Tomato sauce with carrots and apples for the winter
Vegetable sauce for the winter from products that are in any country site, that is, it contains the most common set of vegetables and fruits. Tomato sauce with carrots and apples is suitable for meat and fish dishes. The most famous use for it is boil pasta, pour sauce and sprinkle with grated cheese. The aroma and taste is delicious, and you can only prepare a sandwich for breakfast or dinner.
For this sauce, I steam carrots and apples separately to make the paste smooth and tender, and then add chopped tomatoes without skin. Workpieces are stored until the spring in a dark place, as in the light of the sauce can “burn out”.

Hot red pepper can be replaced with sweet paprika. Be sure to add red pepper, it gives the sauce an appetizing bright color that apples “steal” from it.
- Cooking time: 1 hour
- Quantity: 0.8 L
Ingredients for making tomato sauce with carrots and apples for the winter:
- 400 g carrots;
- 400 g of apples;
- large onion;
- head of garlic;
- 300 g ripe tomatoes;
- 1.5 tsp ground red pepper;
- pod of red chili;
- 15 g of salt;
- 30 g of granulated sugar;
- 3 tablespoons of olive oil.

The method of preparation of tomato sauce with carrots and apples for the winter
Apples and carrots are cooked for quite a while compared to tomatoes, so let's start with them. We peel apples and carrots from the peel, cut into cubes. Pour a little water into a stewpan or pan with a thick bottom, put vegetables and fruits, close tightly, cook over low heat for 30-35 minutes, periodically check for water, add boiling water if necessary.

When the apples and carrots become soft, grind them to a smooth, uniform mash.

Put the tomatoes in a bowl with boiling water for 2 minutes, remove the peel, cut into cubes. We clean shallots, cut into slices, garlic slices, peel chili seeds, cut into rings.
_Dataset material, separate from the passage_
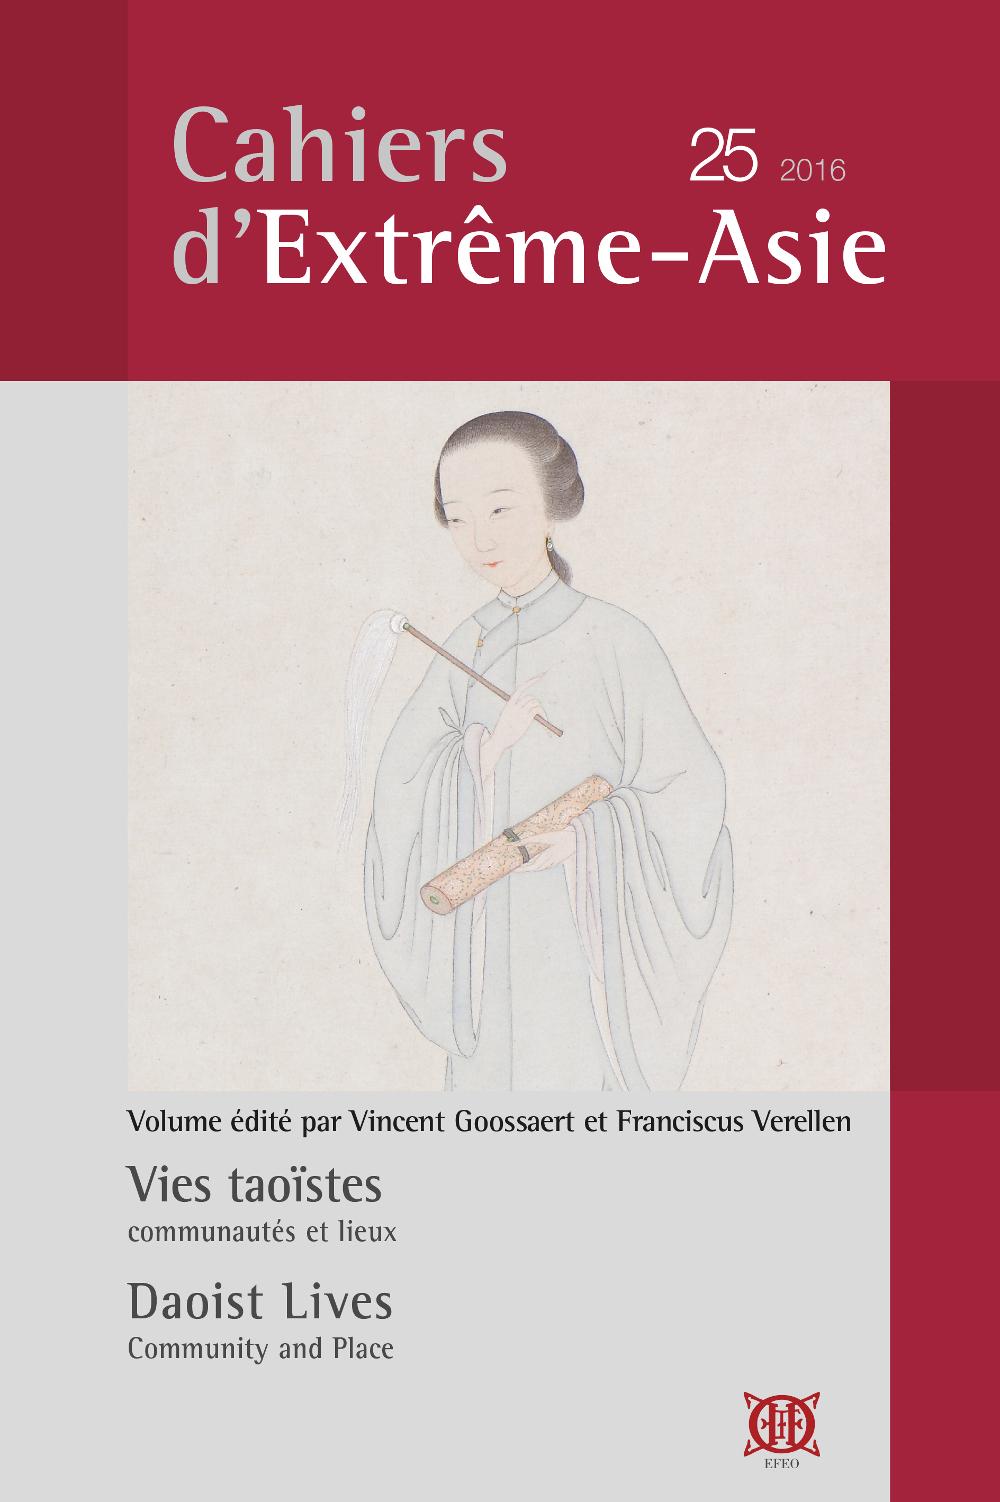 Couverture du Cahier d'Extrême Asie n°25

Add ground red pepper to the vegetable mixture, put everything into a food processor, turn it into a smoothie.

We combine both mashed potatoes, again send to the pan to the fire.
Add salt and granulated sugar.
Pour odorless olive oil or any vegetable oil.

Boil the vegetable paste over low heat without a lid for about 15 minutes after boiling. Be careful, the thick mass splashes when boiling, so it is better to put on an apron and take care of your face!
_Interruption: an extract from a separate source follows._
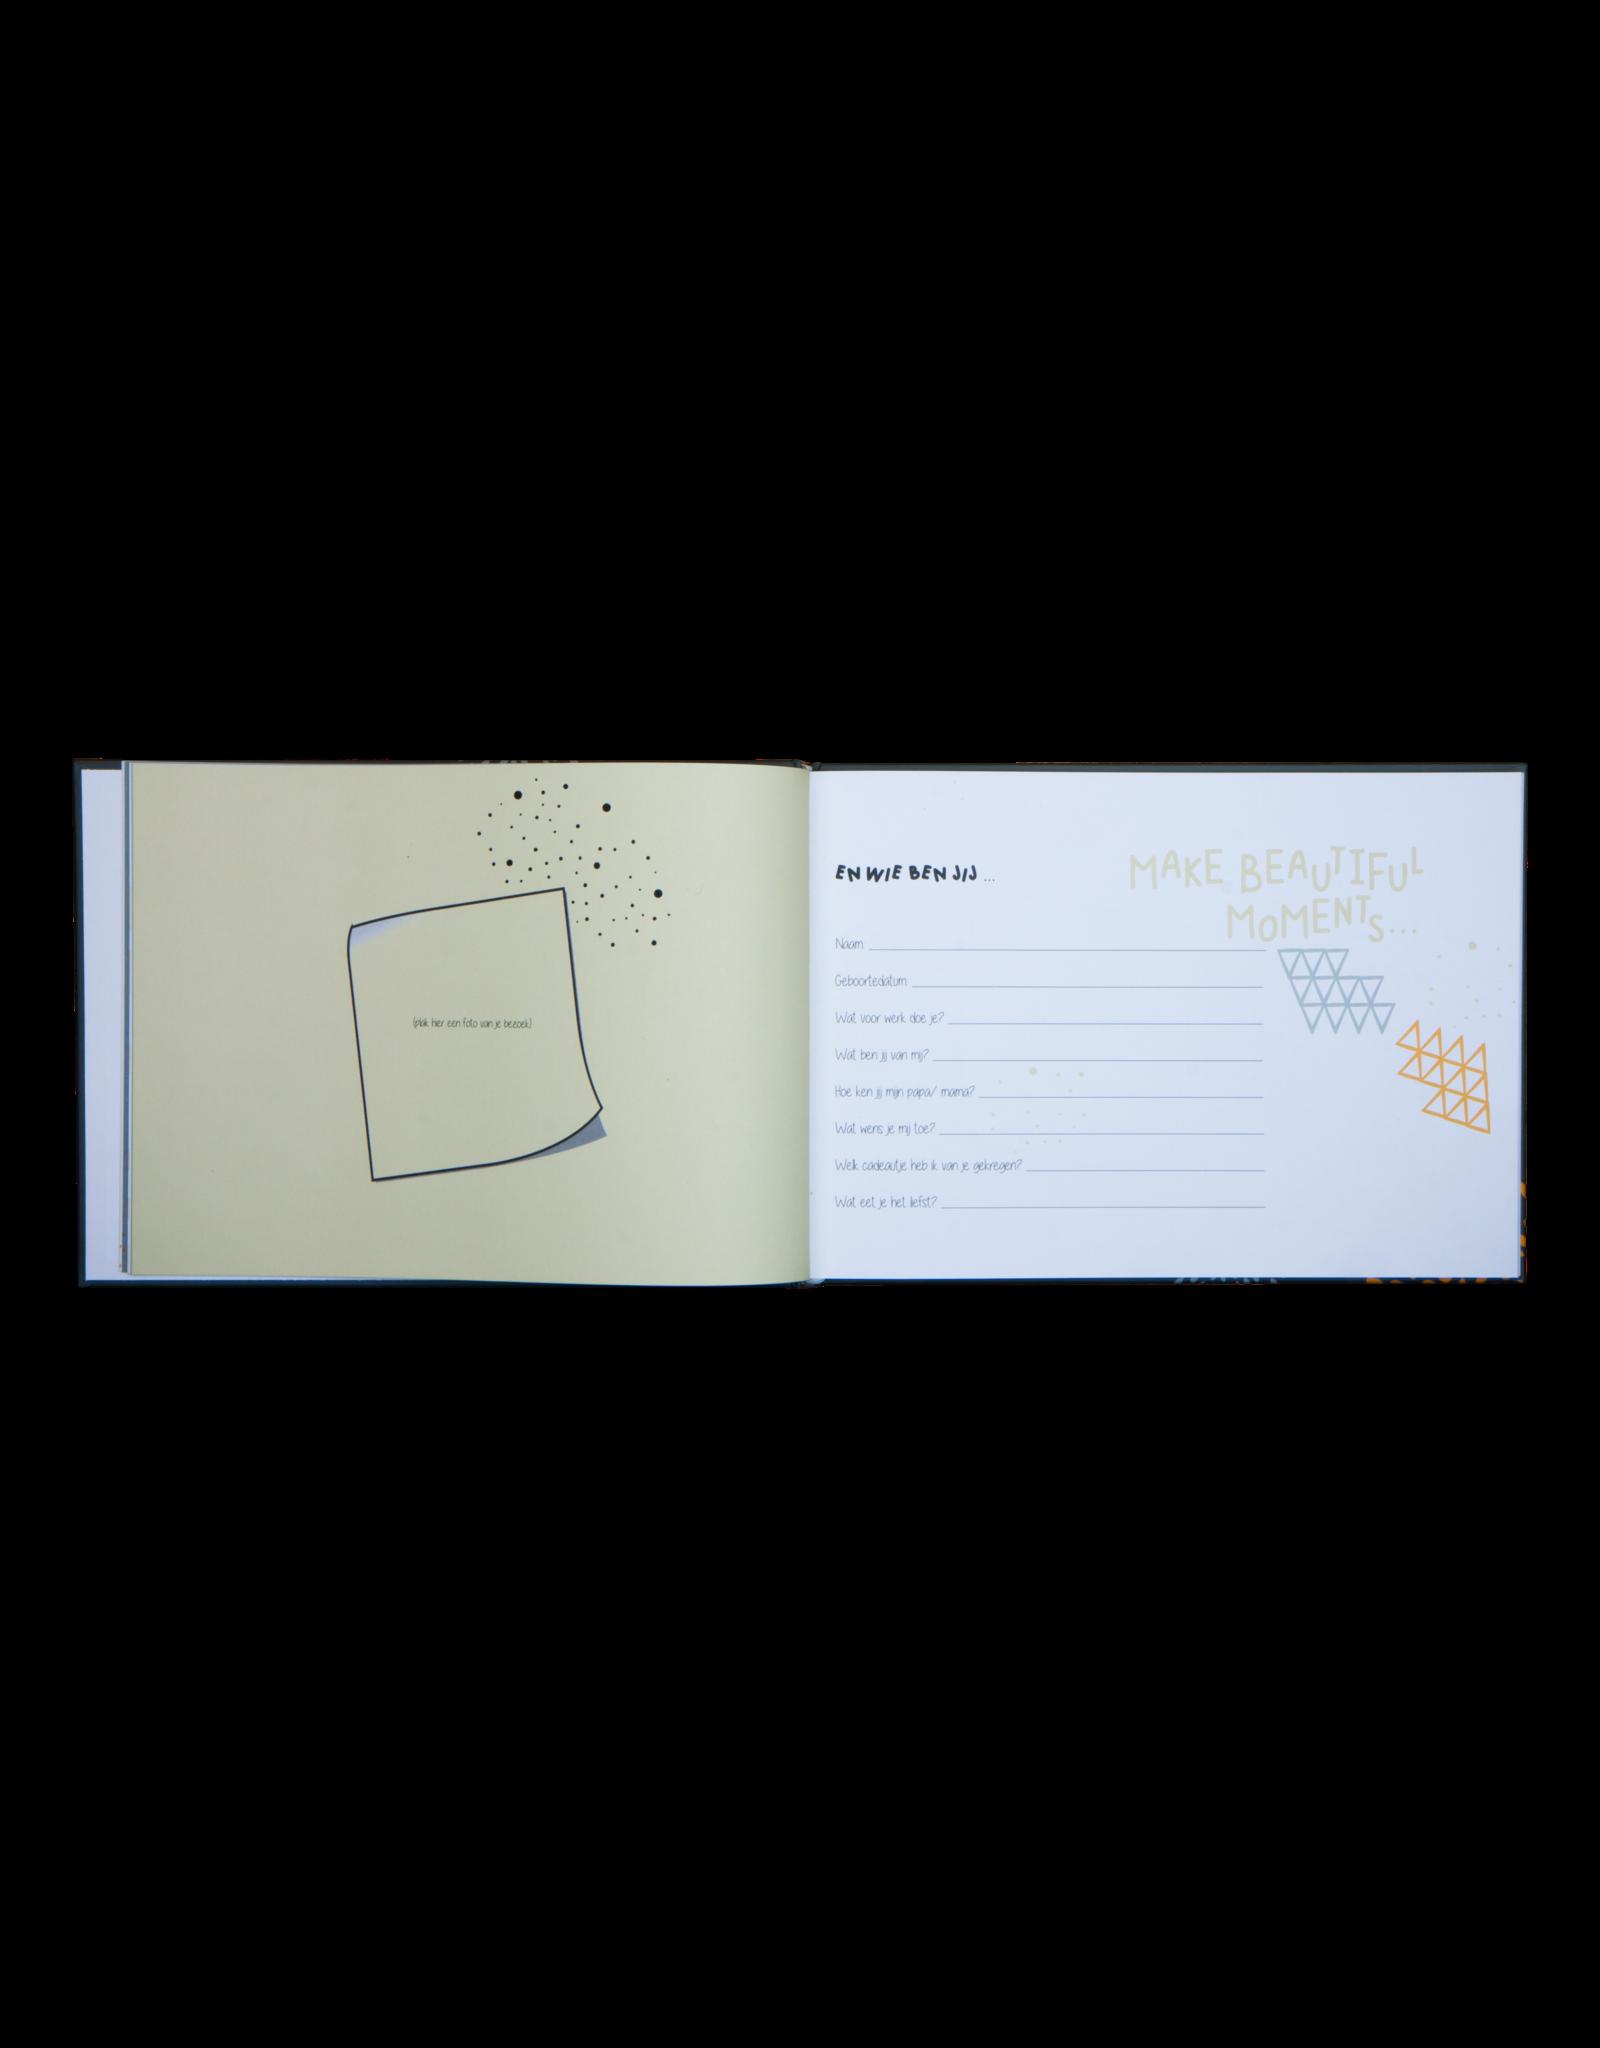 Jep-agenturen Kraambezoekboek

Fill clean pasteurized jars with mashed potatoes to the neck. Pour 1-2 teaspoons of olive oil on top so that the paste does not become crusted during storage.

We cover the banks with sterilized lids. At the bottom of a wide pan we put a cotton cloth, pour hot water. We sterilize the vegetable paste for 4-5 minutes (cans with a capacity of 0.3 l) at a temperature of 90 degrees.
We seal the finished jars tightly, store them in a cool place, that is, in the cellar.

Tip: fill a nice jar with vegetable sauce, take a beautiful paper towel and elastic. A little imagination and you can go to visit a neighbor in the country with a cute present, which is grown, made and packaged with your own hands.